The emergence of Resurgence as the favourite to take over the Great Western Railway is the surprise of the first group of three franchises which are due to be allocated next month. The company is led by a group of managers including former Trafalgar House finance director John Ansdell. Resurgence is the preferred bidder - having beaten off a management buyout team - and has until the end of next week to submit the final terms of its bid.

Mr Ansdell shared a pounds 1.3bn pay-off with two colleagues when they left Trafalgar nearly two years ago, and he has teamed up with Mike Jones, a former BR area manager at Leeds, and Richard Morris, safety director of Eurotunnel. Mr Jones, the vice-chairman, is known in rail circles as an experienced manager who was highly critical of the high freight prices charged by BR when he was in charge of petroleum movements on rail.
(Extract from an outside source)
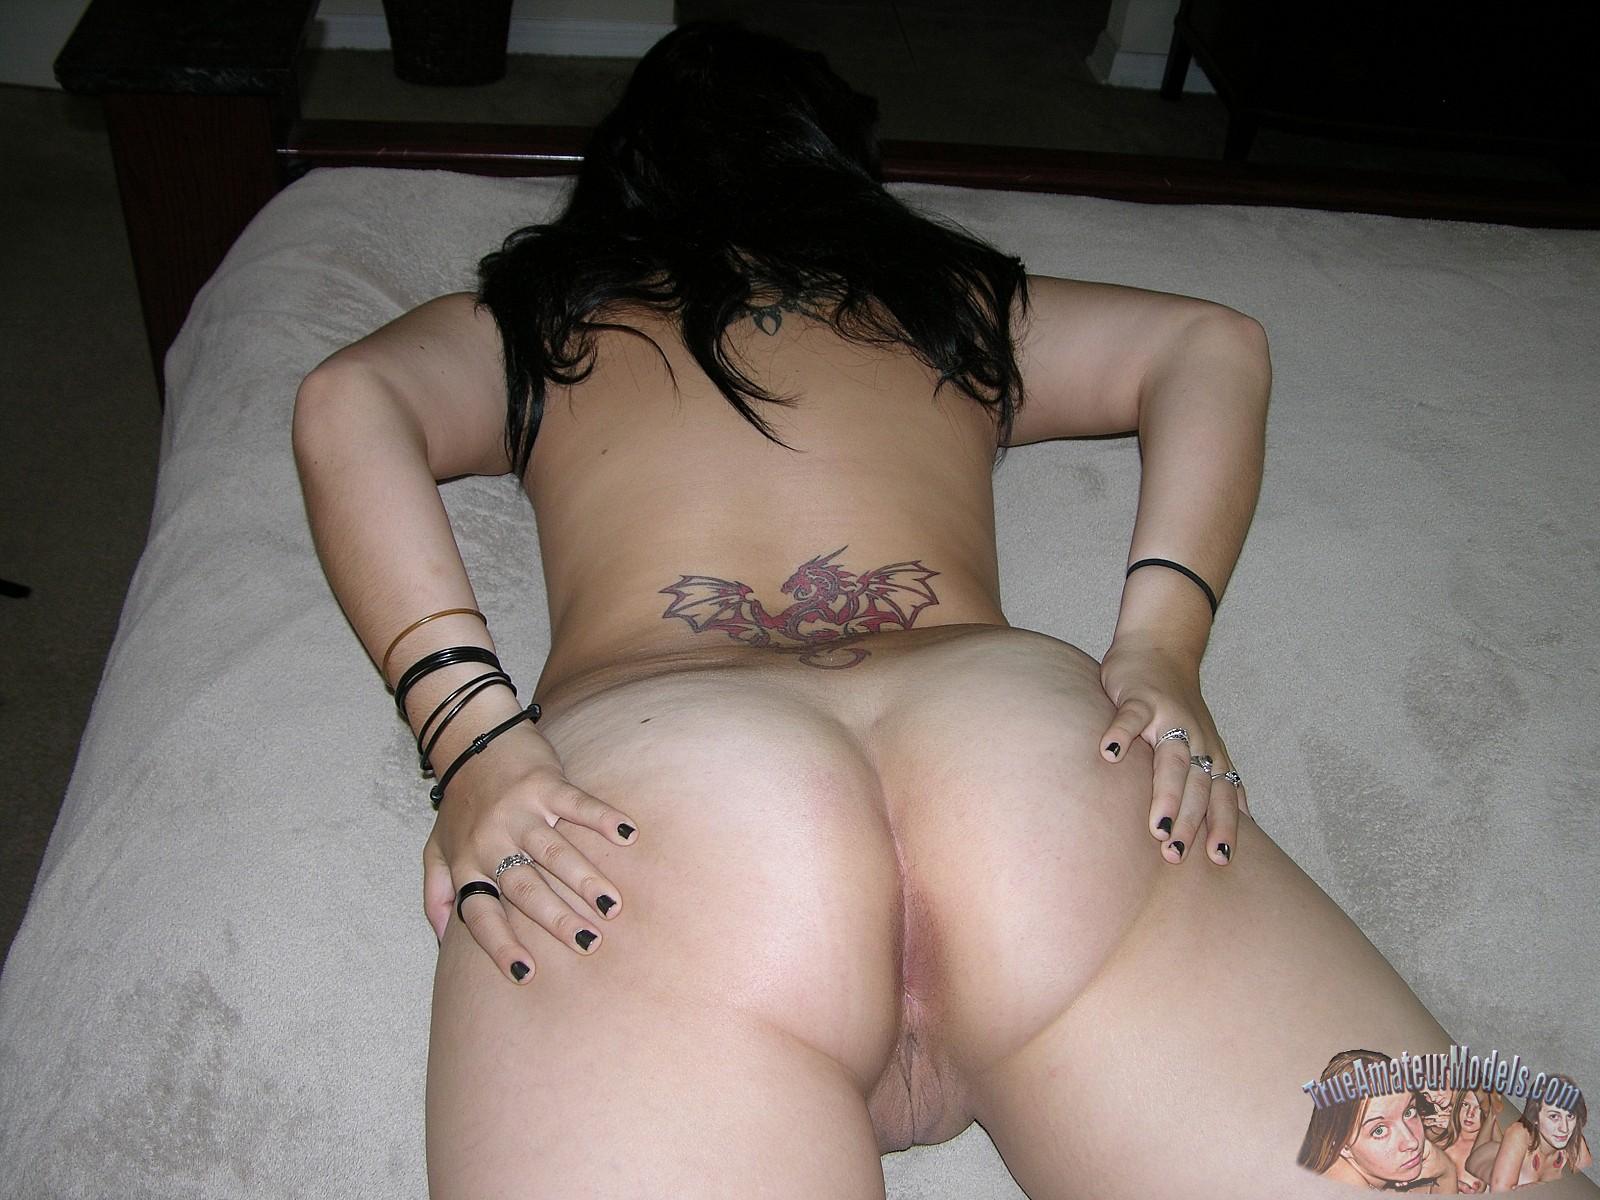 Nude Italian Amateur Katrina Free Download Nude Photo Gallery

Resurgence is thought to require more subsidy - currently BR requires pounds 51m for the service - than the rival bid but has put forward a series of innovations that attracted the support of the franchising director, Roger Salmon. It wants to run more trains from distant parts of the network in Wales and the West directly into London by splitting up the existing eight- coach InterCity 125 high-speed trains into two.

The company also wants to re-establish direct services to London on routes that currently require a change to reach the capital. One insider said: "The MBO team were offering nothing new, and Resurgence came along with an exciting new package, adding to what is already a very good service."

Nevertheless, the bid faces several pitfalls. Adding trains beyond the number required by Mr Salmon means that the track access charges from Railtrack will increase.

There are also additional costs in splitting the high-speed trains because they will need a new trailer at the rear. But the team is confident that with fares being restricted to the rate of inflation and less under the new financial regime imposed by the Government, extra passengers will be won back to the railways.